Il collegamento della piattaforma su cui opera la MNBC al sistema svizzero di pagamento interbancario in tempo reale (SIC) costituirebbe un’alternativa che consentirebbe alla moneta della banca centrale di non uscire mai dai conti giro. Un simile meccanismo eliminerebbe quindi gli svantaggi della frammentazione, come quelli derivanti dalla delega delle responsabilità della banca centrale a un attore privato. Tuttavia, si limiterebbe a replicare l’attuale processo basato sulla sincronizzazione e limiterebbe quindi il potenziale di miglioramento della MNBC.

L’emissione sulla piattaforma di una valuta privata tokenizzata – garantita contro il rischio di fallimento e interamente coperta da depositi a vista – consentirebbe inoltre di collocare valuta e asset sulla stessa barca. Questo scenario limiterebbe la necessità di sincronizzazione, senza però risolvere il problema della frammentazione. Inoltre, una valuta digitale privata non ricadrebbe direttamente sotto la responsabilità della banca centrale come una MNBC o i depositi a vista e richiederebbe quindi un’analisi preventiva approfondita delle normative che dovrebbero essere applicate ad essa.
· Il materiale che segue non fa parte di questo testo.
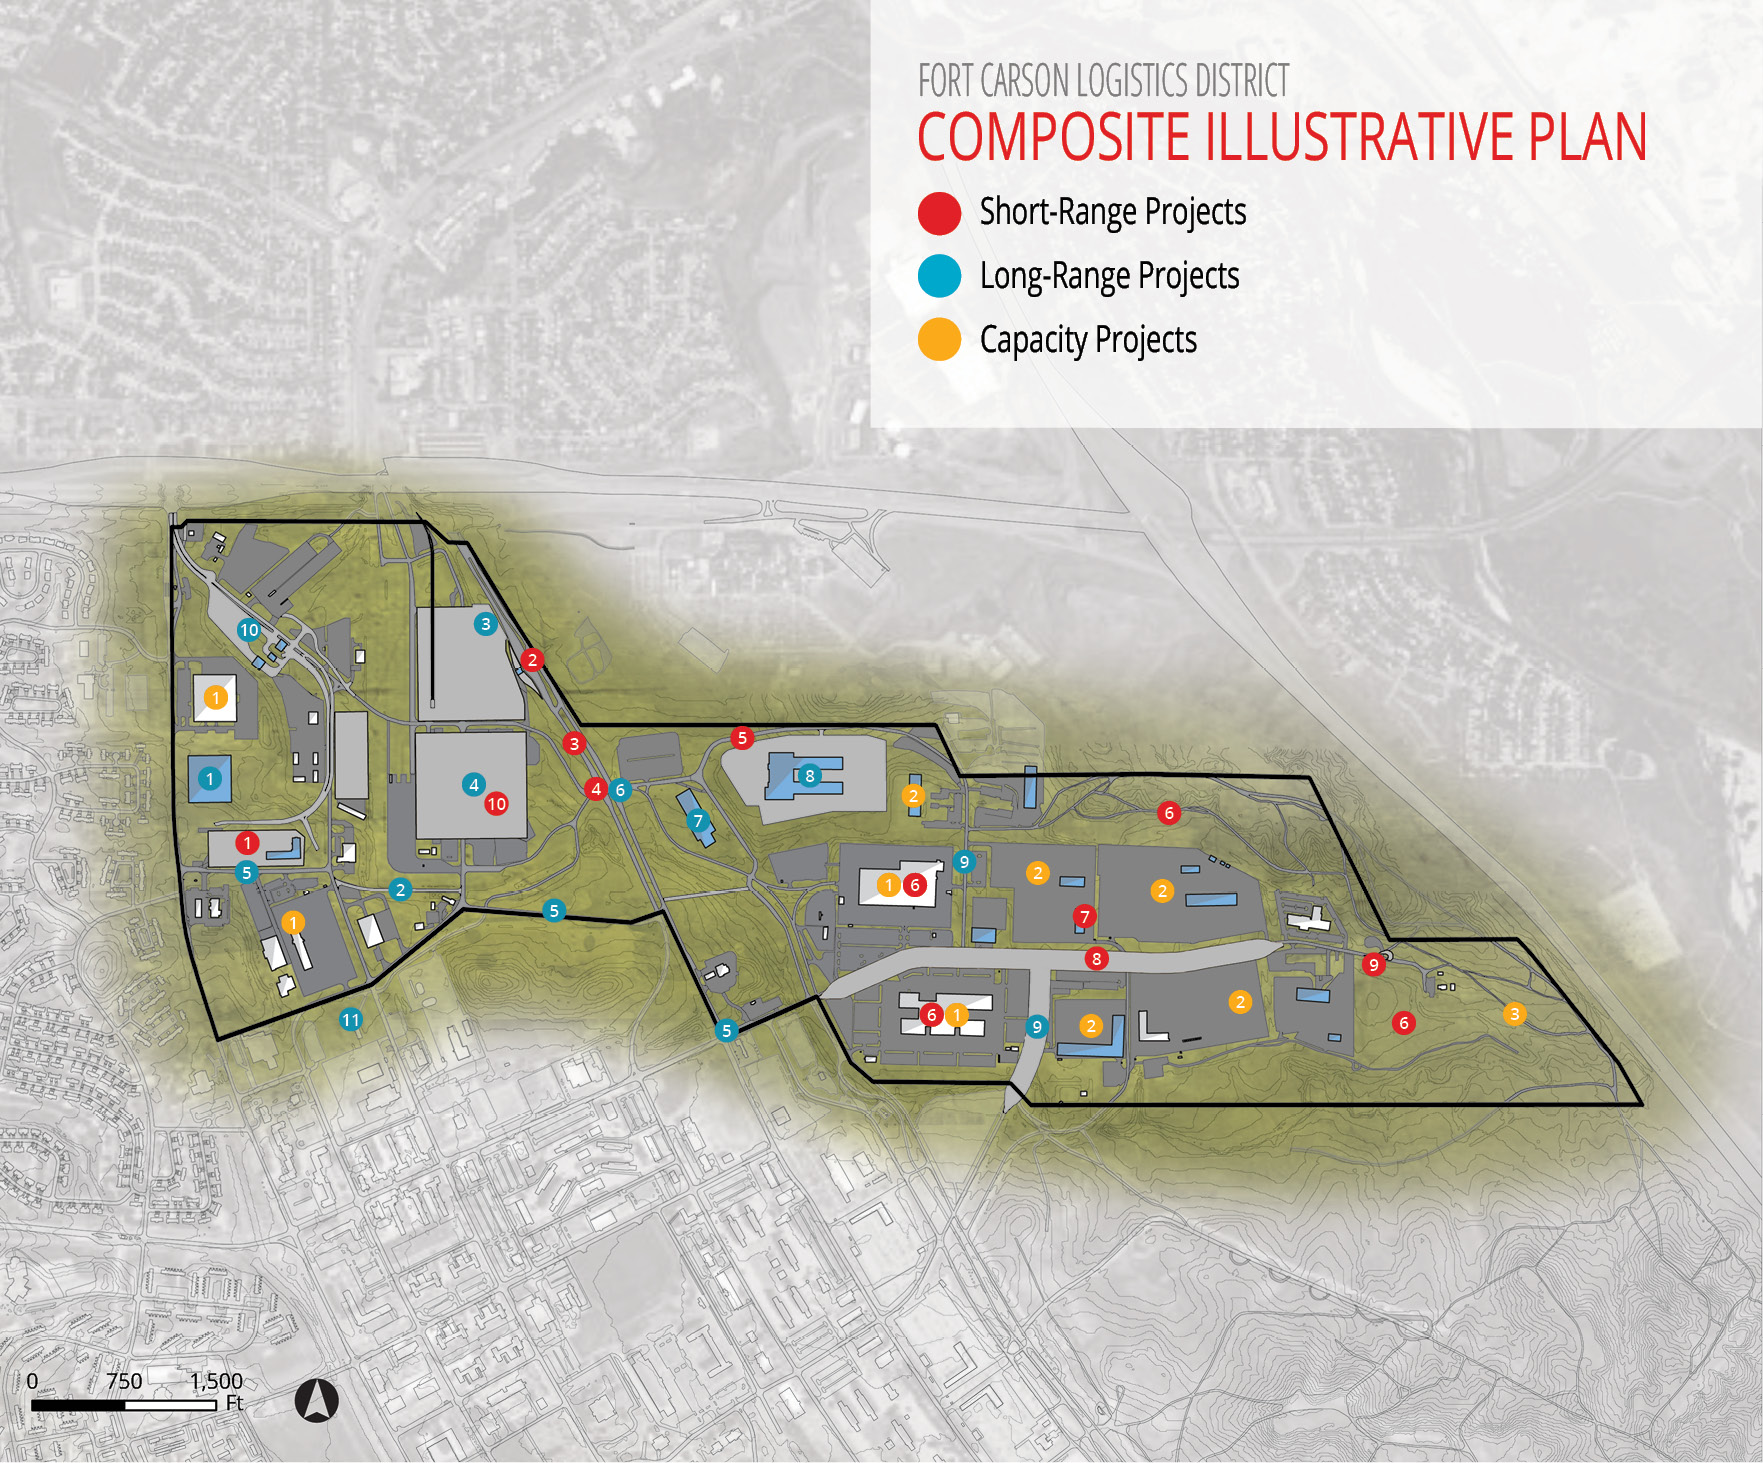 Composite Illustrative Plans3.jpg

Senza azzardarsi per il momento a mostrare una preferenza per l’una o l’altra delle opzioni citate, il capo banchiere centrale svizzero uscente sottolinea che gli esperimenti finora condotti suggeriscono che tutte e tre rientrano tecnicamente e giuridicamente nell’ambito delle possibilità.

Riconoscendo che la tokenizzazione degli asset resta un fenomeno confidenziale, Thomas Jordan invita un atteggiamento proattivo da parte dell’istituto svizzero di emissione che – in collaborazione con attori del settore privato – esamina come tale fenomeno possa migliorare il funzionamento del sistema finanziario.